(Work instructions)
Copy out the data exactly as it appears, without a single image.

-- Data shown follows --

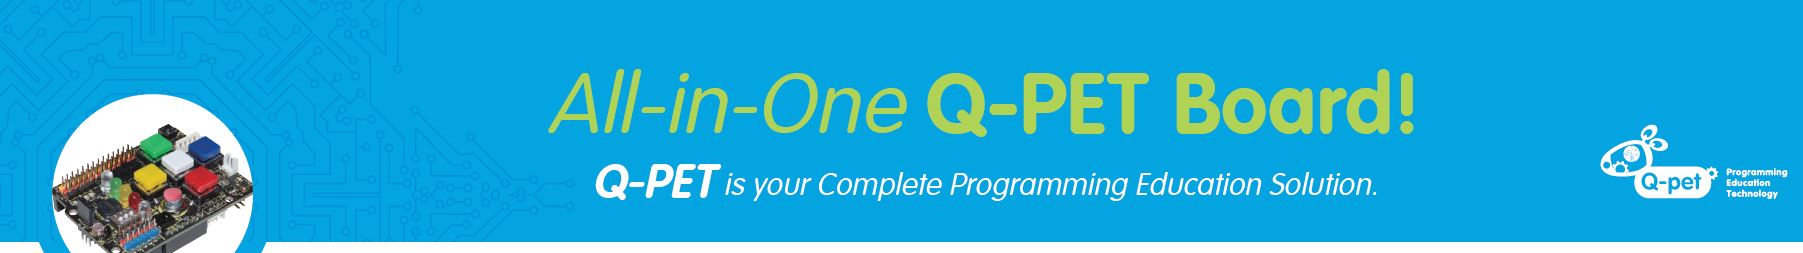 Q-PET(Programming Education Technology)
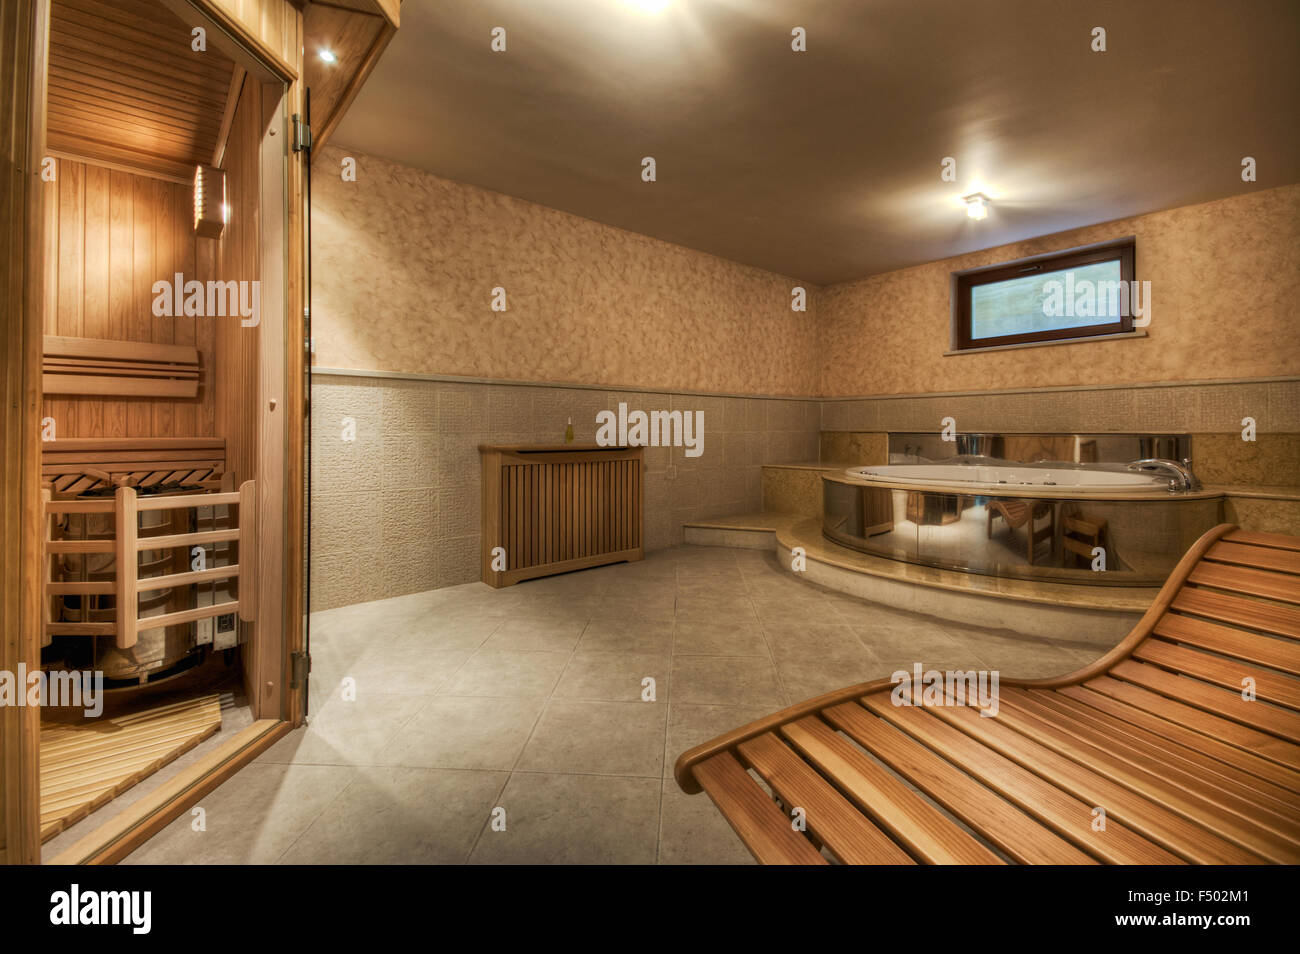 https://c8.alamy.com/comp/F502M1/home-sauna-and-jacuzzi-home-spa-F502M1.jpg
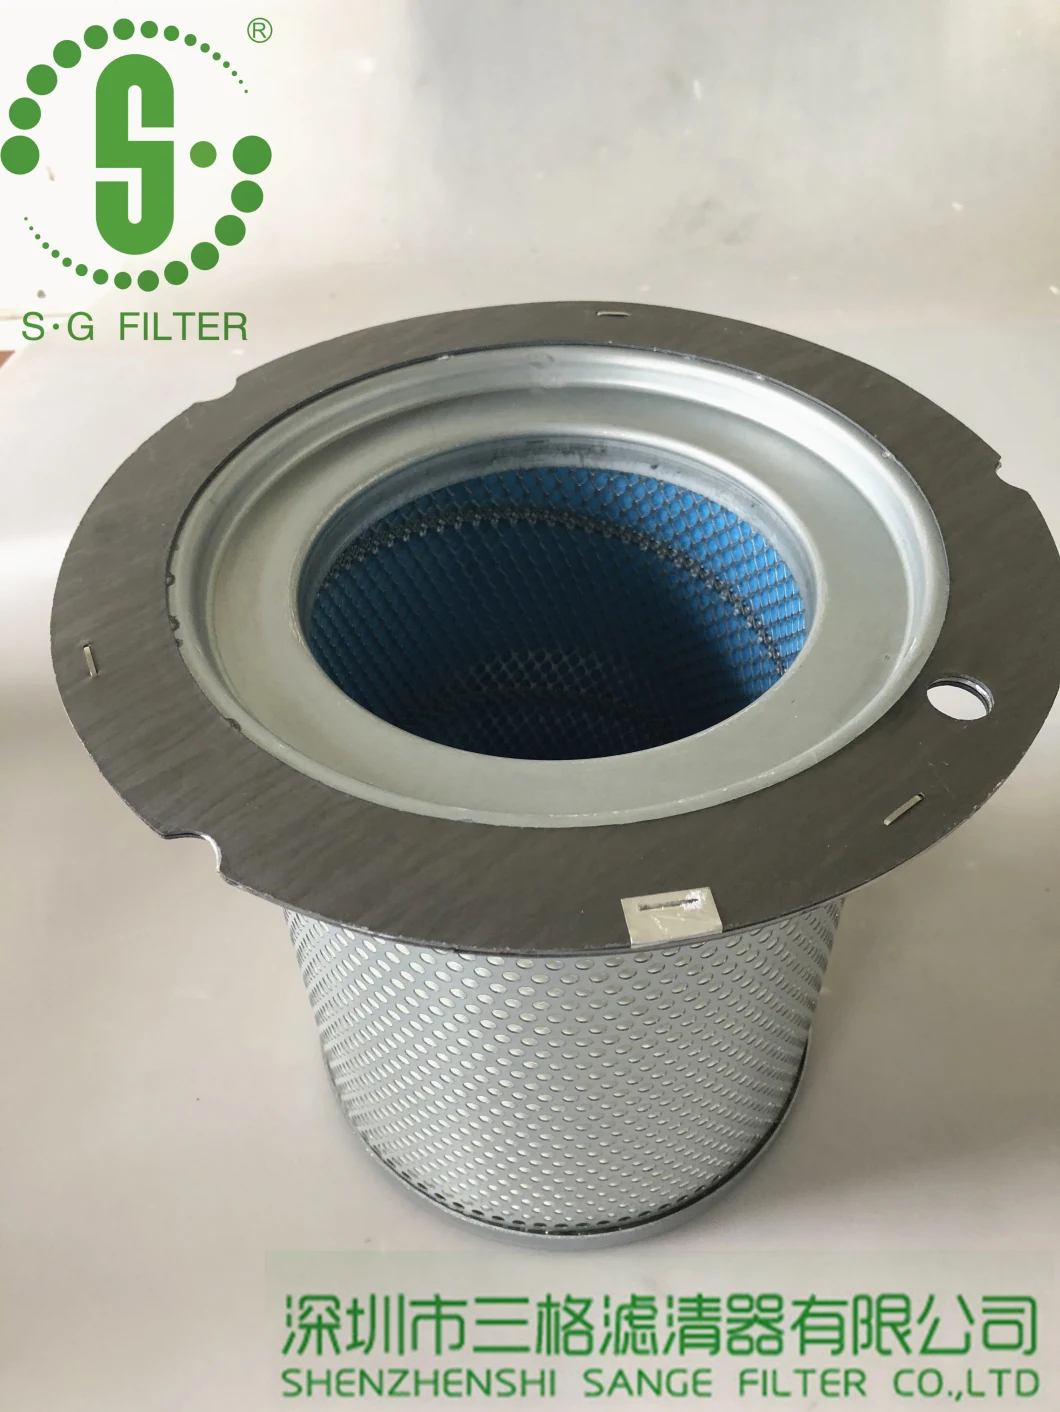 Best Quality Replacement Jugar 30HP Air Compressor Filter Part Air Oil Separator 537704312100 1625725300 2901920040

-- Data shown concluded --

(Written solution)
 Q-PET(Programming Education Technology)
 https://c8.alamy.com/comp/F502M1/home-sauna-and-jacuzzi-home-spa-F502M1.jpg
 Best Quality Replacement Jugar 30HP Air Compressor Filter Part Air Oil Separator 537704312100 1625725300 2901920040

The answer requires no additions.